**Task item**. Print the listing below word for word, but drop any pictures it contains.

**Source material**.
↓↓↓

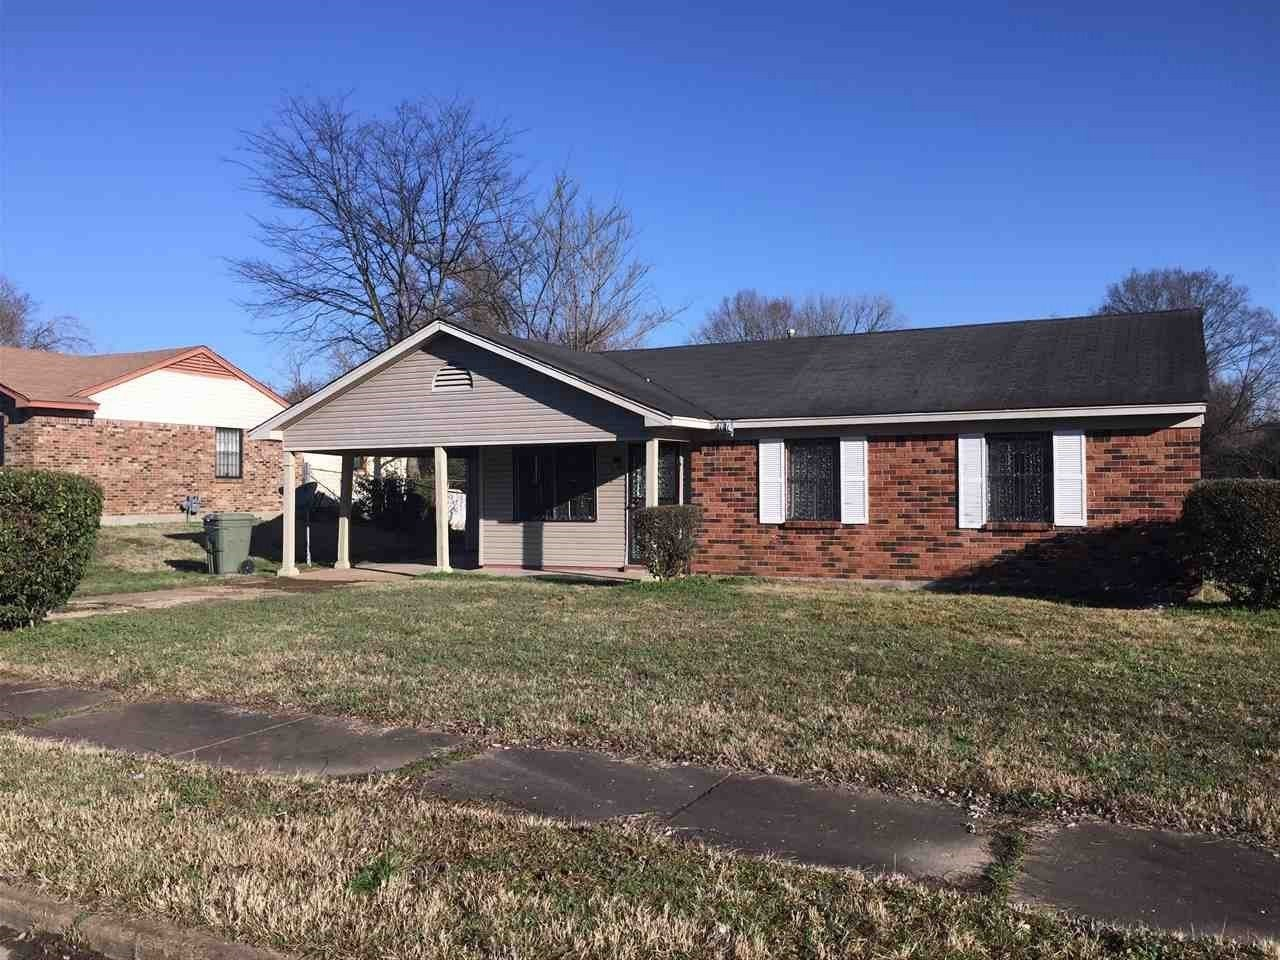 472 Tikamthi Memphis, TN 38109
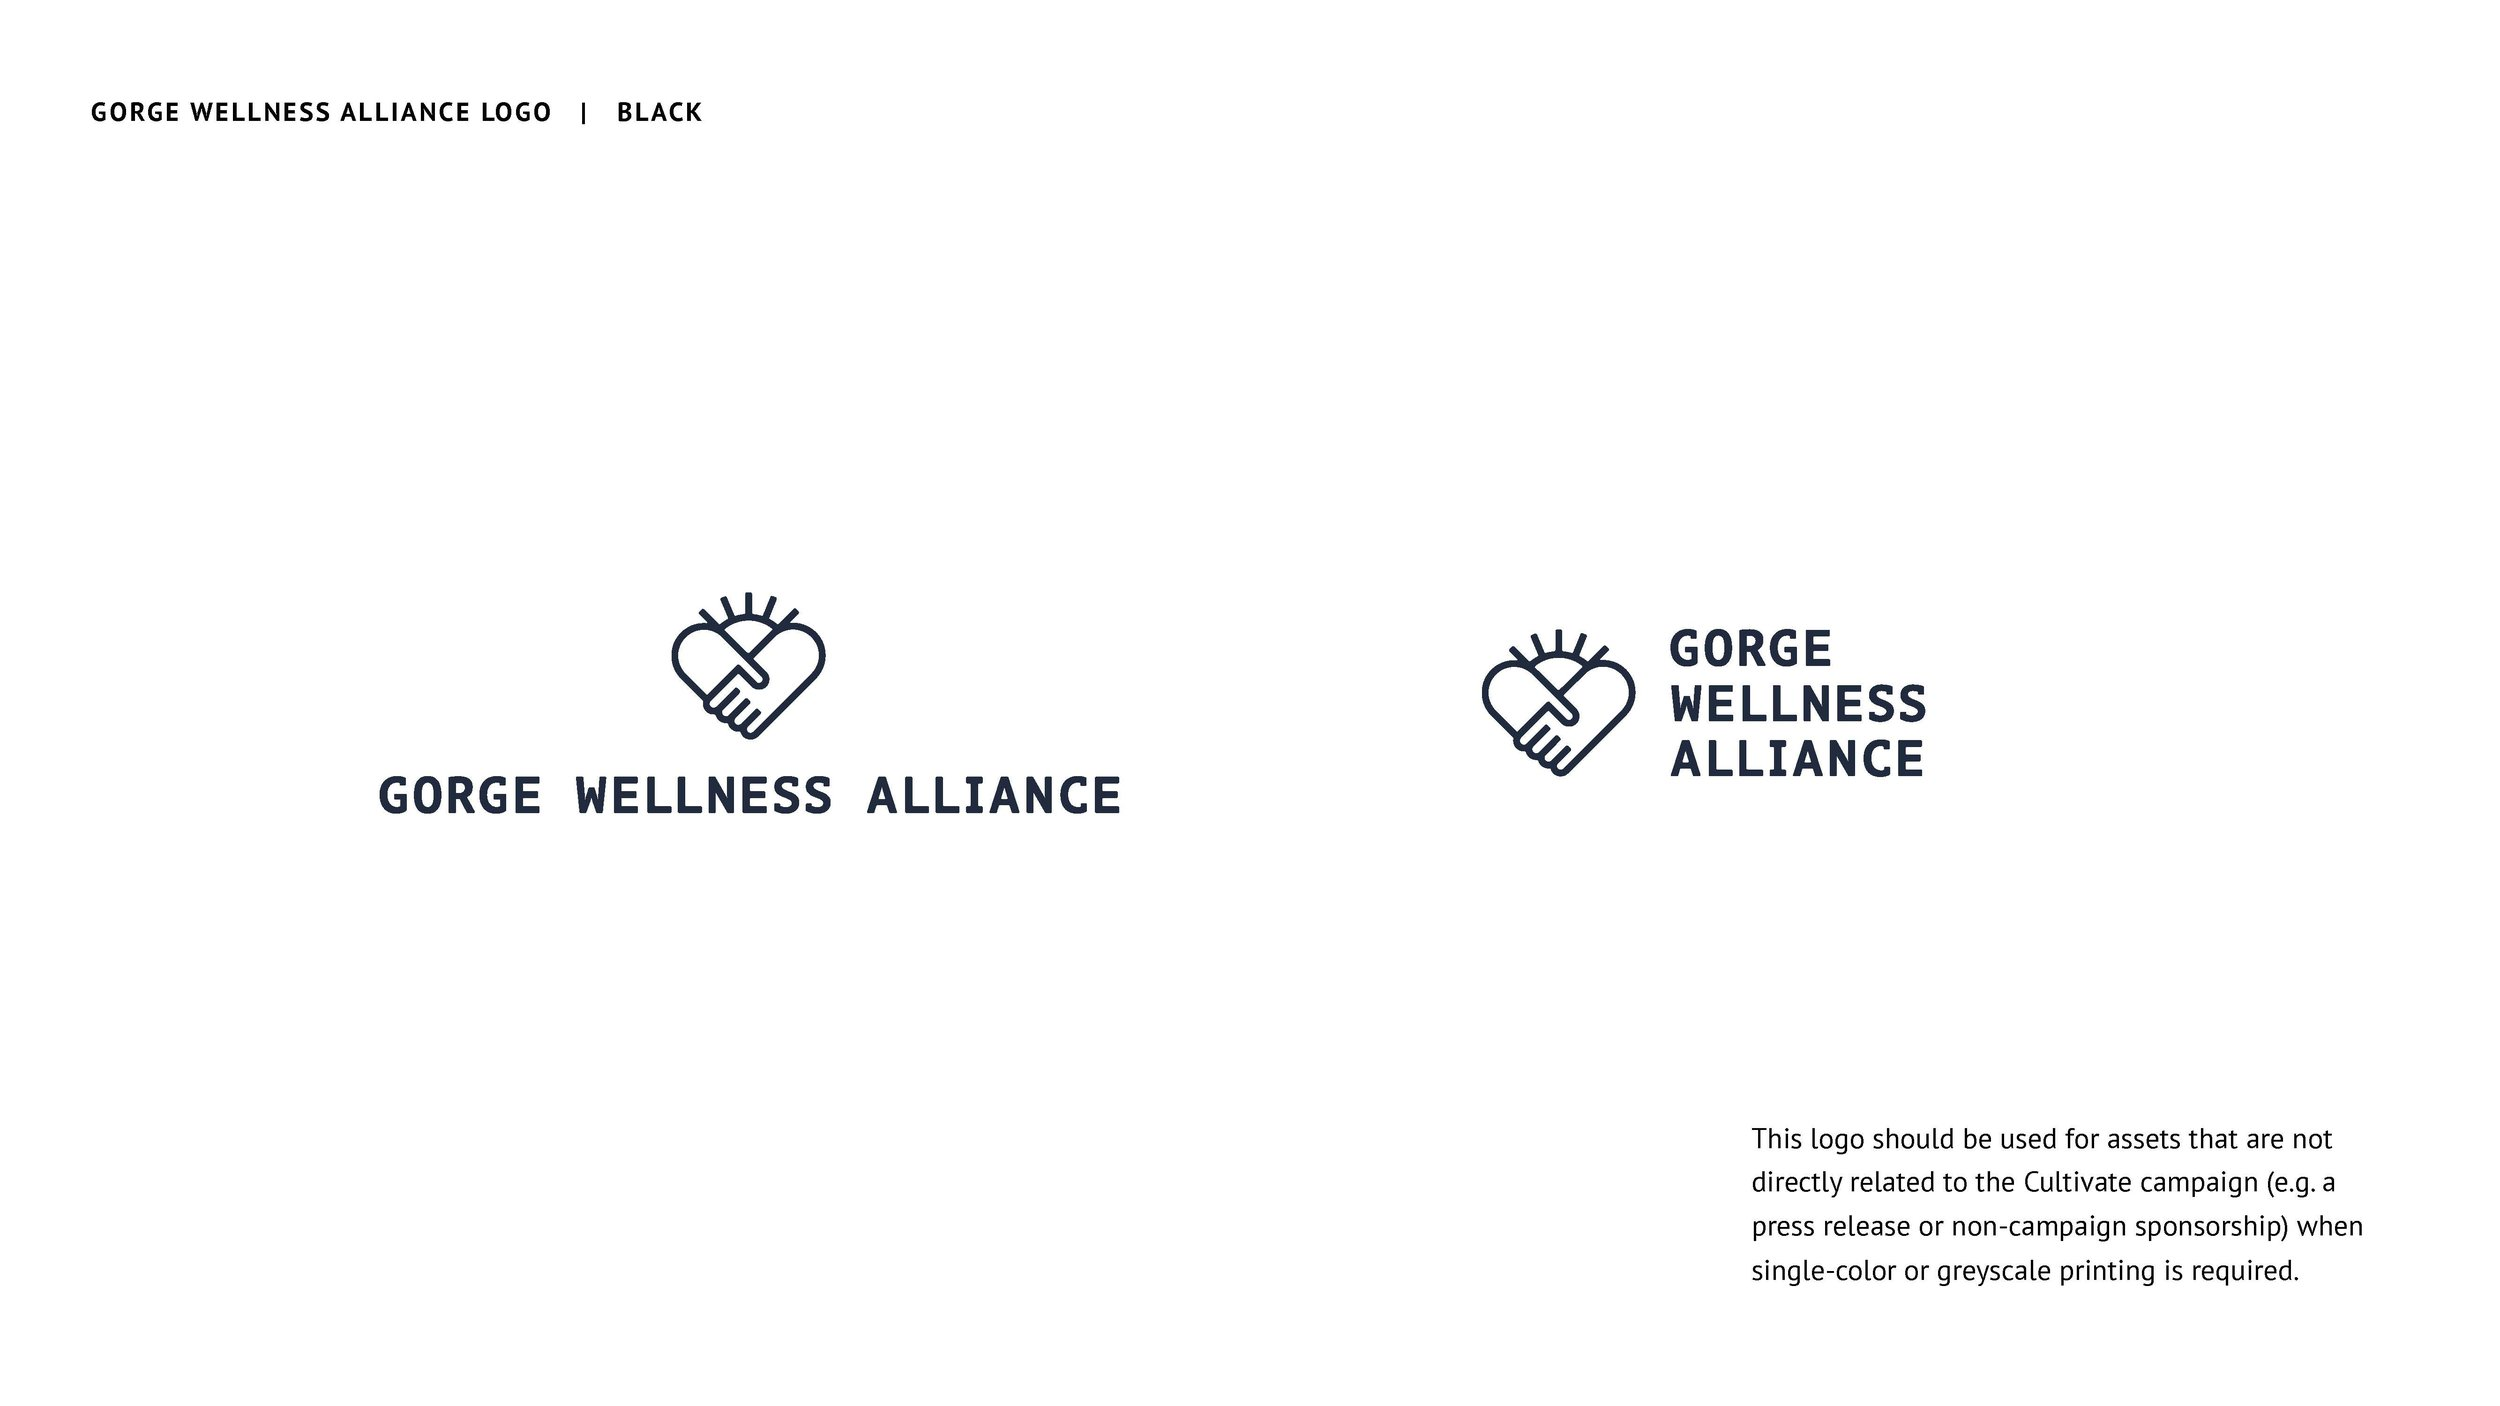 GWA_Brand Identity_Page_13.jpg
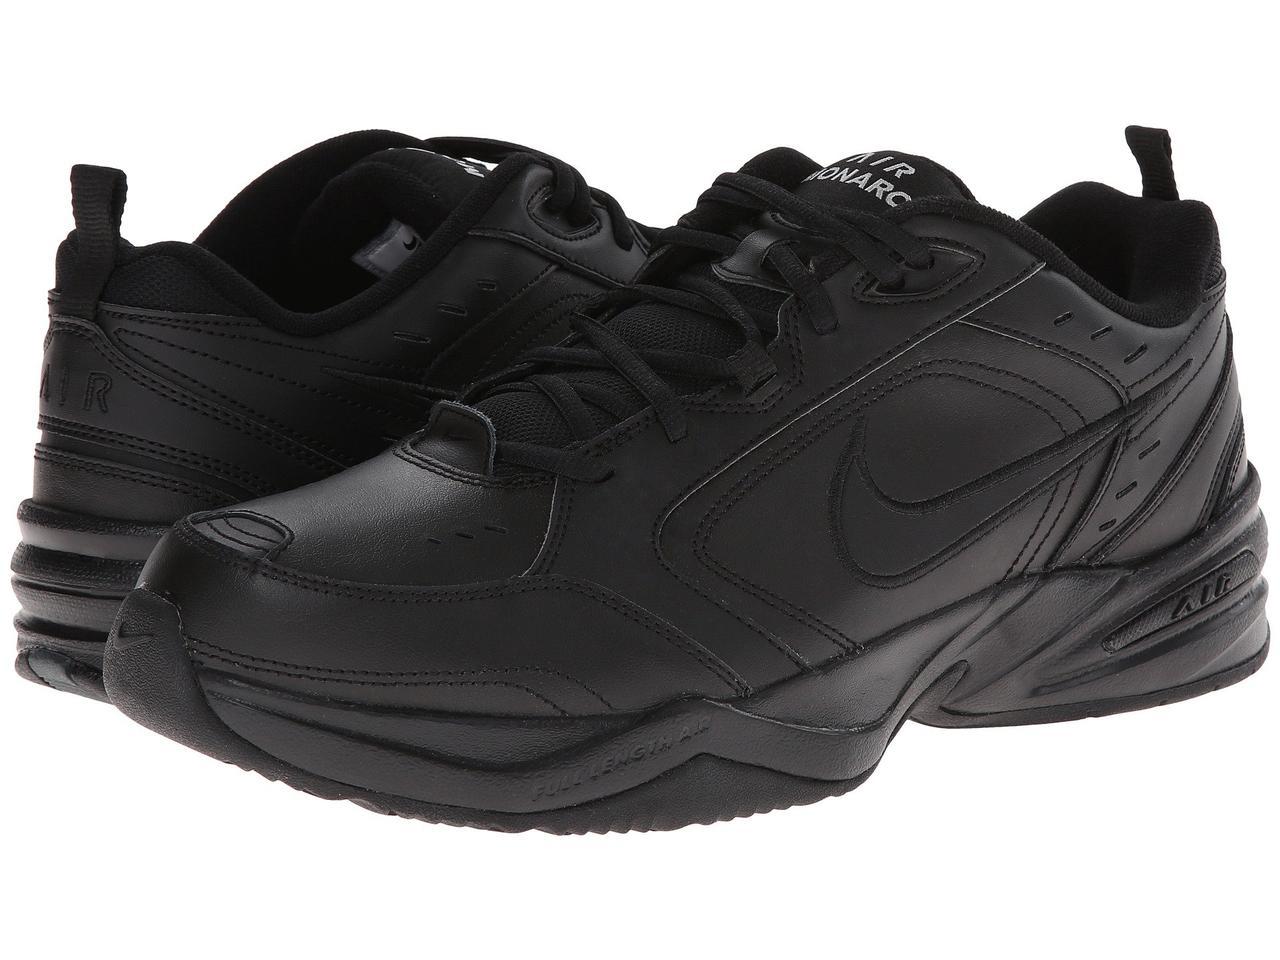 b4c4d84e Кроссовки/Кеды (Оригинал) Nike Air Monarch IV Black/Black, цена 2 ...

↑↑↑

**Your response**.
 472 Tikamthi Memphis, TN 38109
 GWA_Brand Identity_Page_13.jpg
 b4c4d84e Кроссовки/Кеды (Оригинал) Nike Air Monarch IV Black/Black, цена 2 ...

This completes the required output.